Directions
Reproduce each line from the records that holds "ciudad".

═══ Listed entries

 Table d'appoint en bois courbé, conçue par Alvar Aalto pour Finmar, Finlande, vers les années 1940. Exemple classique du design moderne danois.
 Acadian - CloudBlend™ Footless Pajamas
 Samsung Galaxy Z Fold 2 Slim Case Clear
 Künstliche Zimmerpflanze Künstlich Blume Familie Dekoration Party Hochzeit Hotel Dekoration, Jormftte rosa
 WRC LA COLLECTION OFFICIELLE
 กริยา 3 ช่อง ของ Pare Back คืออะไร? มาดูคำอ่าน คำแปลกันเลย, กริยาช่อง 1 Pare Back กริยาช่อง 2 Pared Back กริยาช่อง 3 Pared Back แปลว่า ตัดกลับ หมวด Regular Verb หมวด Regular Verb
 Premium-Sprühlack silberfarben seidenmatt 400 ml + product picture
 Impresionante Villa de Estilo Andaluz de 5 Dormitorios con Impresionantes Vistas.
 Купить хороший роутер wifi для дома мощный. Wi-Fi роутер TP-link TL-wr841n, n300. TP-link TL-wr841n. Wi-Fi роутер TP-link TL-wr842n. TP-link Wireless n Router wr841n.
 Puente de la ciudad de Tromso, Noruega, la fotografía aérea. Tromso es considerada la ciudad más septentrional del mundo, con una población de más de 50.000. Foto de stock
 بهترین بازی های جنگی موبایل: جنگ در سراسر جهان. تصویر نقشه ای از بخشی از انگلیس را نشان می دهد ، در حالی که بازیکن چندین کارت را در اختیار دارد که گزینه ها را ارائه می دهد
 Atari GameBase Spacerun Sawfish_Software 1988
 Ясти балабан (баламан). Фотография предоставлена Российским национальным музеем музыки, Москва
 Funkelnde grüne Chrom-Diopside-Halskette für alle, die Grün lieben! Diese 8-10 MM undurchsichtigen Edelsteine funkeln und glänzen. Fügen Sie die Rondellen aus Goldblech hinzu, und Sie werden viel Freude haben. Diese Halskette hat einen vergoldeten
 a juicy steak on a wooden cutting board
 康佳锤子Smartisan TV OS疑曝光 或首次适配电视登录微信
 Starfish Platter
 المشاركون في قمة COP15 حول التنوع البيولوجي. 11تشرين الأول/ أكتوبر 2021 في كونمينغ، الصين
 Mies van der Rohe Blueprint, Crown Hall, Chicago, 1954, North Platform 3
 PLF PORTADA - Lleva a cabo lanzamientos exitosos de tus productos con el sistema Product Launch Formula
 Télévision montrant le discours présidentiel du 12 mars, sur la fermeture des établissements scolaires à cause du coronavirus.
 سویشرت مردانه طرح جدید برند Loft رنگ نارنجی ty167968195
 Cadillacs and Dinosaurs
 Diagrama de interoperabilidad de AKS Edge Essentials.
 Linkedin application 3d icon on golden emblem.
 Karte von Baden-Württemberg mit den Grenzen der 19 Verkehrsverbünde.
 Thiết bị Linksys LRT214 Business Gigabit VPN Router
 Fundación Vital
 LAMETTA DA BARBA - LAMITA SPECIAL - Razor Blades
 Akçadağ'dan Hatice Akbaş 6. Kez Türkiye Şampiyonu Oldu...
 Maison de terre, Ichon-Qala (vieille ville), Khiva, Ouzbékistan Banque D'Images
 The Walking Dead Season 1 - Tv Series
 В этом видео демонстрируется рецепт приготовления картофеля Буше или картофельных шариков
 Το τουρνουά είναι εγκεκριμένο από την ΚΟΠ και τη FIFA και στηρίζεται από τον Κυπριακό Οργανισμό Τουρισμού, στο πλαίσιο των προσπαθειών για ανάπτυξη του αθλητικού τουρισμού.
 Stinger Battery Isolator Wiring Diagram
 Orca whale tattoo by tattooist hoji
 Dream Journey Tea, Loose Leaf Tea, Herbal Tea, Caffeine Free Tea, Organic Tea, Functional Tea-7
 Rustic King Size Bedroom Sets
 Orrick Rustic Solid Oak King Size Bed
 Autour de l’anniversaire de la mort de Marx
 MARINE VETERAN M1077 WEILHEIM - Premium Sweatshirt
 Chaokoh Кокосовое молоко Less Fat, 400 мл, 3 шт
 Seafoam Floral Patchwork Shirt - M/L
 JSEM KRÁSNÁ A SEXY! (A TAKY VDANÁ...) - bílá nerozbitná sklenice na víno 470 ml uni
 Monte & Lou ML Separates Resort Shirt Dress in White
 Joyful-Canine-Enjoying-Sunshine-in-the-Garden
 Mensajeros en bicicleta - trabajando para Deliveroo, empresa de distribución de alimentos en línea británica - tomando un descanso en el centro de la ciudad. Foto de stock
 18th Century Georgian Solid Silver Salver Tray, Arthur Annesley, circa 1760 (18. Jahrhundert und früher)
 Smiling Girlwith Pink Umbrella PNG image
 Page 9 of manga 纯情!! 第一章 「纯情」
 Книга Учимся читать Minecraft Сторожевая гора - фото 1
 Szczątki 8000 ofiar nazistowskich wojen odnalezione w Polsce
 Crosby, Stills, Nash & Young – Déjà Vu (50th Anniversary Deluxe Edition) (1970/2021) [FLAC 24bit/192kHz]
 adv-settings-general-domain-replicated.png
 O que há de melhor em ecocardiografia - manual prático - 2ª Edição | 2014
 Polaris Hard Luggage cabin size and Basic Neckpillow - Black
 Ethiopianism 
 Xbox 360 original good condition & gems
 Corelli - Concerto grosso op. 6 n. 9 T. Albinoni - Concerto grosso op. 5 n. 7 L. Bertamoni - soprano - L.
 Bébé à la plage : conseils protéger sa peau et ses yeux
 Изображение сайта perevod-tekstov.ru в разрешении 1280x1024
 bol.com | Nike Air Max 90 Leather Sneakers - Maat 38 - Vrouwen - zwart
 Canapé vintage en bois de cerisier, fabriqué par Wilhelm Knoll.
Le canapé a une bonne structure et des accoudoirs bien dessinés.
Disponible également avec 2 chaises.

══════

Task response
 Puente de la ciudad de Tromso, Noruega, la fotografía aérea. Tromso es considerada la ciudad más septentrional del mundo, con una población de más de 50.000. Foto de stock
 Mensajeros en bicicleta - trabajando para Deliveroo, empresa de distribución de alimentos en línea británica - tomando un descanso en el centro de la ciudad. Foto de stock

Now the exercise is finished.